Local disk attachment inspection	MountDiskSystem	Major	The /etc/fstab file contains invalid UUIDs.	Ensure that the UUIDs in the /etc/fstab configuration file are correct, or the server may fail to be restarted.	The disk attachment process fails, preventing the server from restarting.
GPU: incorrectly configured dynamic route for Ant series server	GpuRouteConfigError	Major	The dynamic route of the NIC %s of an Ant series server was not configured or was incorrectly configured. CMD [ip route]: %s \| CMD [ip route show table all]: %s.	Configure the RoCE NIC route correctly.	The NPU network communication will be interrupted.
NPU: RoCE port not split	RoCEUdpConfigError	Major	The RoCE UDP port was not split.	Check the RoCE UDP port configuration on the NPU.	The communication performance of NPUs is affected.

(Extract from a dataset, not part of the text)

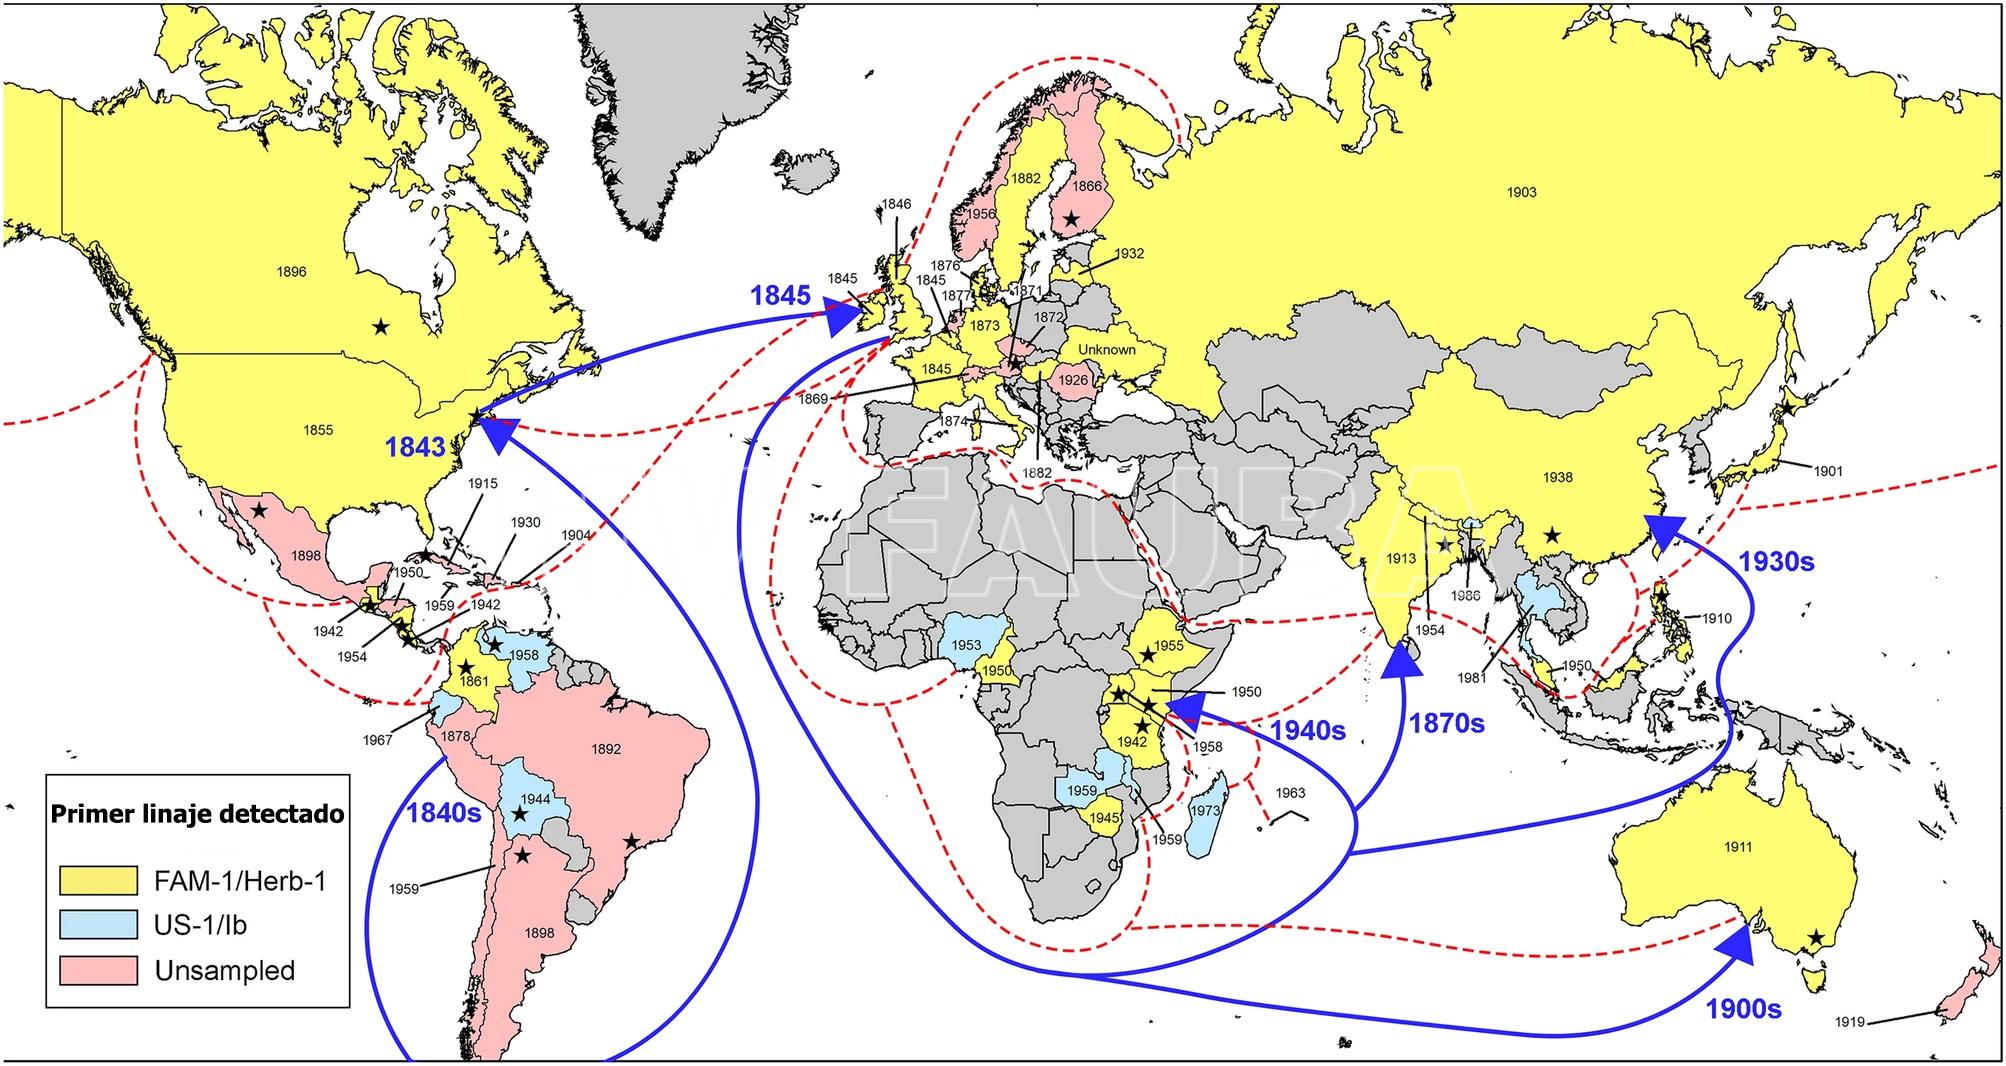 Mapa mundial de las primeras epidemias detectadas de tizón tardío causado por Phytophthora infestans. Los años dentro de cada país indican la fecha del espécimen más antiguo conocido, mientras que el color indica si el genotipo era FAM-1, US-1 o no muestreado. Las líneas punteadas indican rutas comerciales representativas del Imperio Británico alrededor de 1932. Las flechas indican la ruta de migración más probable tomada por el linaje FAM-1 hacia África y Asia y las rutas comerciales. Las estrellas dentro de cada país indican la ubicación aproximada del primer brote registrado, si se conoce. Autor: Saville y Ristaino, 2021.
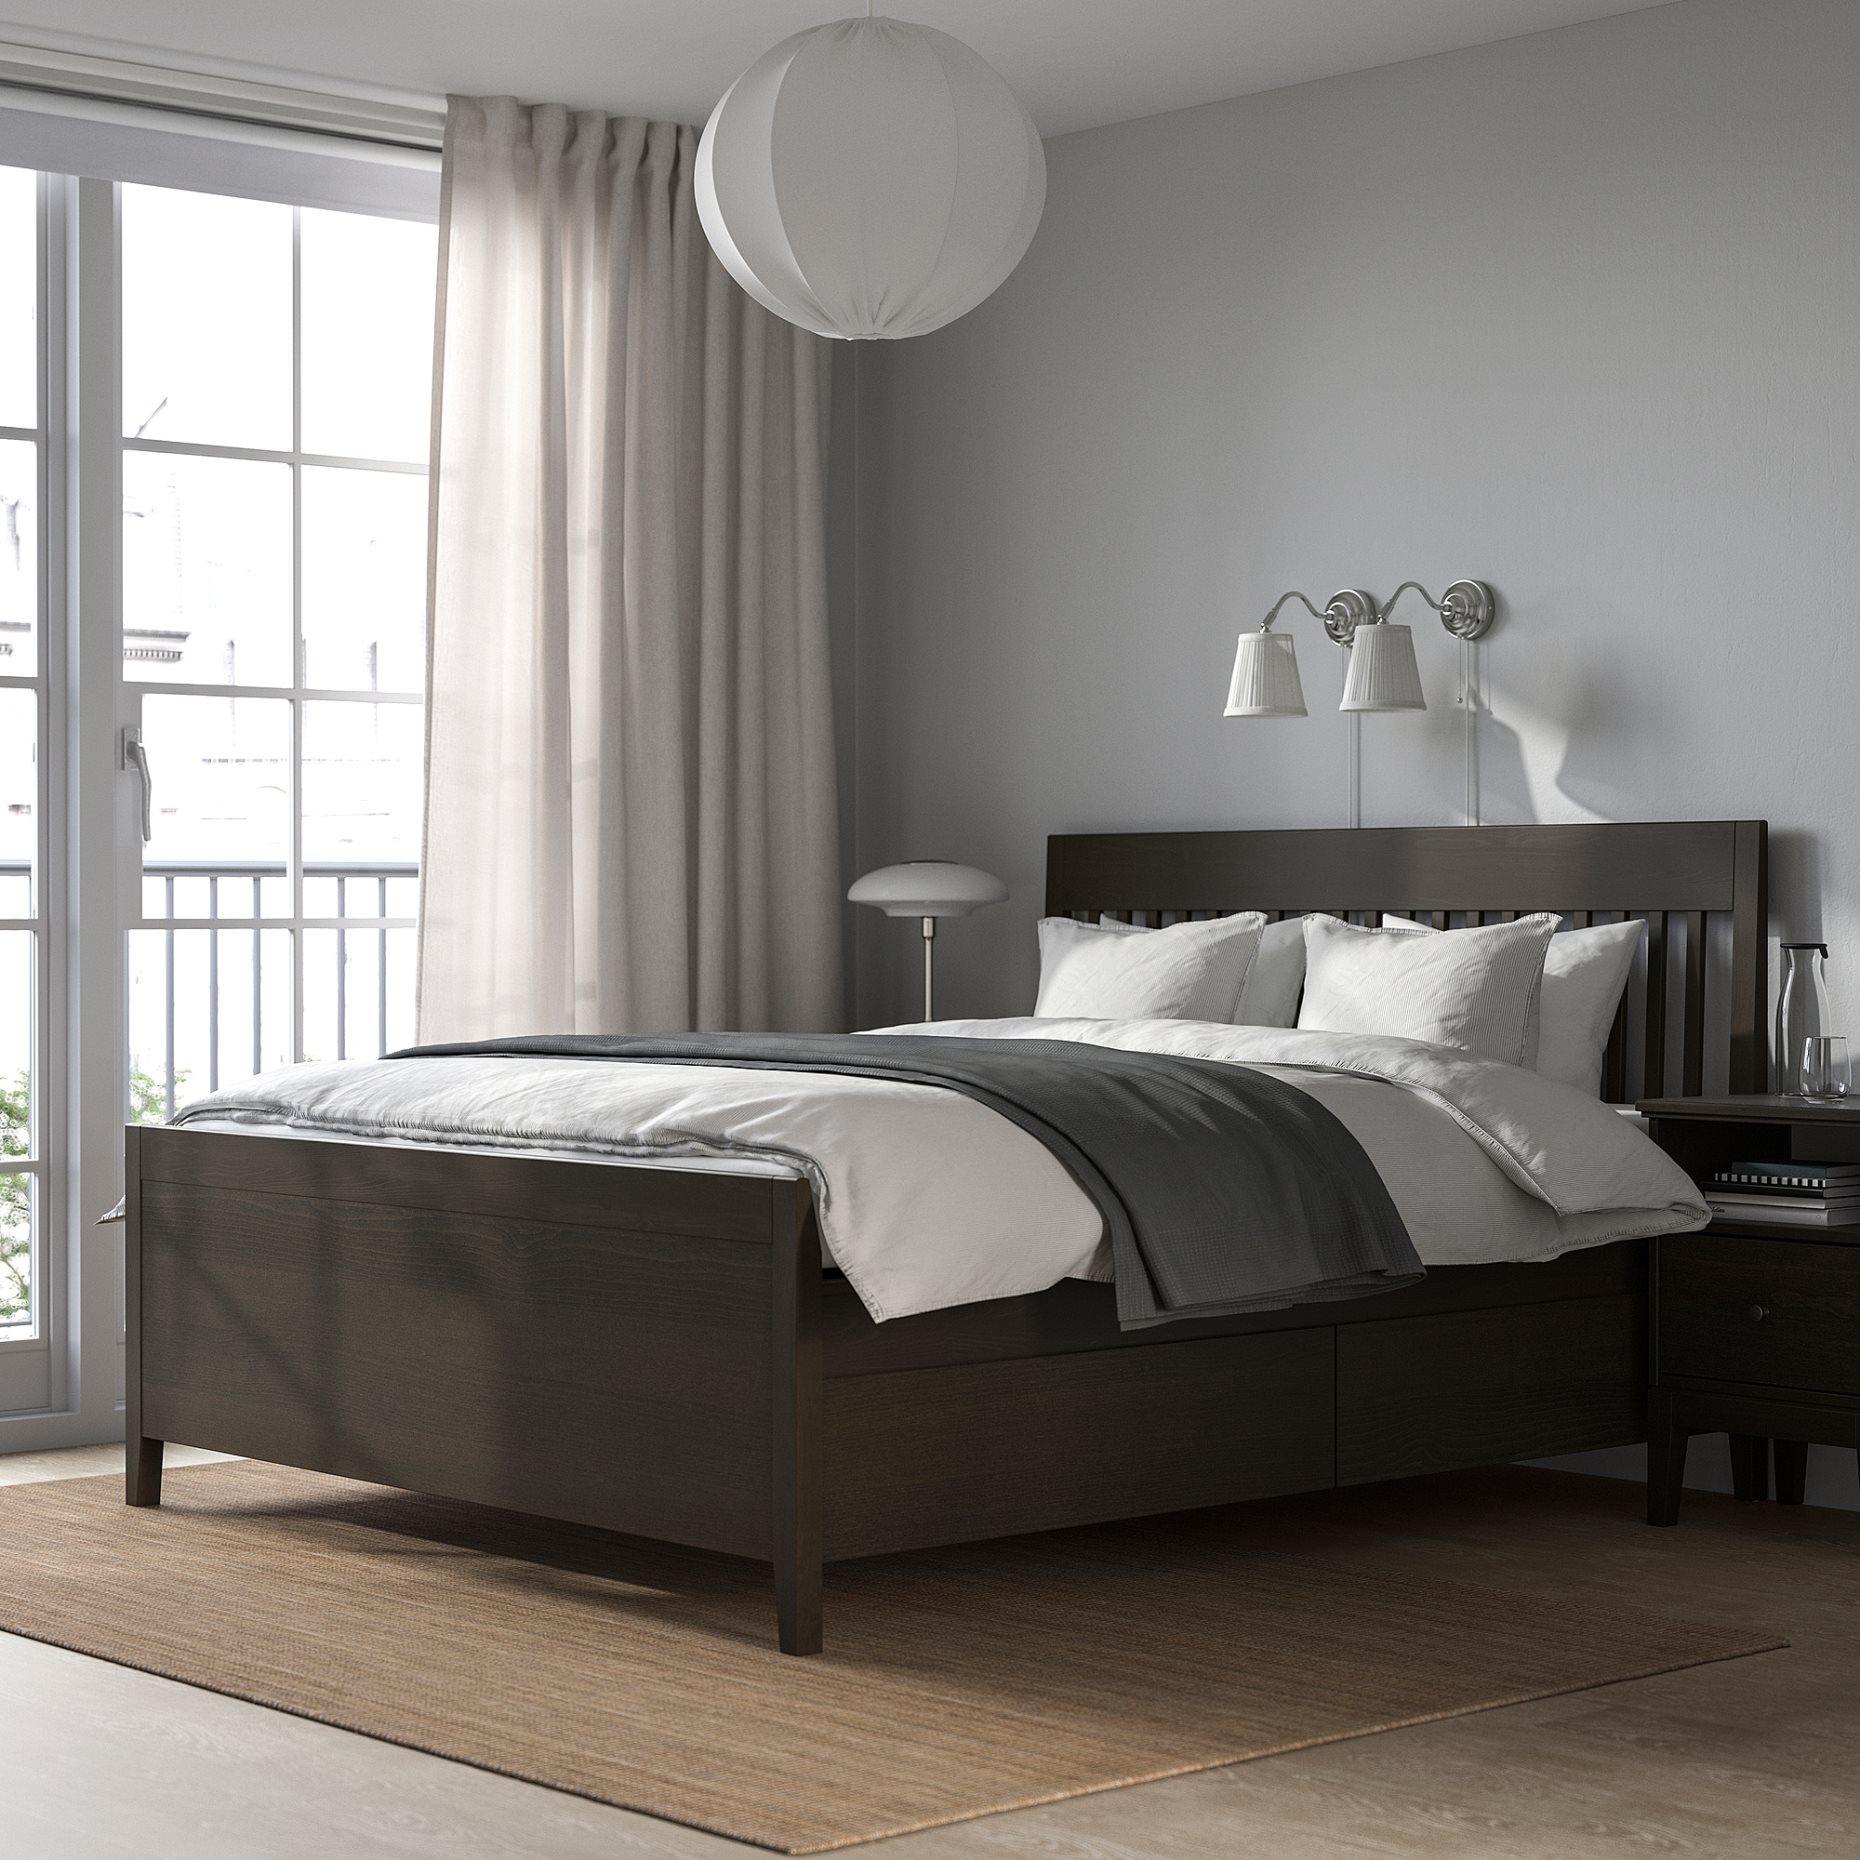 IDANÄS, bed frame with storage, 140x200 cm, 593.922.18

Warning of automatic system kernel upgrade	KernelUpgradeWarning	Major	Warning of automatic system kernel upgrade. Old version: %s; new version: %s.	System kernel upgrade may cause AI software exceptions. Check the system update logs and prevent the server from restarting.	The AI software may be unavailable.
NPU environment command detection	NpuToolsWarning	Major	The hccn_tool was unavailable.	Check whether the NPU driver is normal.	The IP address and gateway of the RoCE NIC cannot be configured.
		Major	The npu-smi was unavailable.	Check whether the NPU driver is normal.	NPUs cannot be used.
		Major	The ascend-dmi was unavailable.	Check whether ToolBox is properly installed.	ascend-dmi cannot be used for performance analysis.
Warning of an NPU driver exception	NpuDriverAbnormalWarning	Major	The NPU driver was abnormal.	Reinstall the NPU driver.	NPUs cannot be used.
GPU: invalid RoCE NIC configuration	GpuRoceNicConfigIncorrect	Major	The RoCE NIC of the GPU is incorrectly configured.	Contact O&M personnel.	The parameter plane network is abnormal, preventing the execution of the multi-node task.
Local disk replacement to be authorized	localdisk_recovery_inquiring	Major	The local disk is faulty. Local disk replacement authorization is in progress.	Authorize local disk replacement.	Local disks are unavailable.
Local disks being replaced	localdisk_recovery_executing	Major	Local disks are faulty and being replaced.	When the replacement is complete, check whether the local disks are available.	Local disks are unavailable.
Local disks replaced	localdisk_recovery_completed	Major	Local disks are faulty and have been replaced.	Wait until the services are running properly and check whether local disks are available.	None
Local disk replacement failed	localdisk_recovery_failed	Major	Local disks are faulty and fail to be replaced.	Contact O&M personnel.	Local disks are unavailable.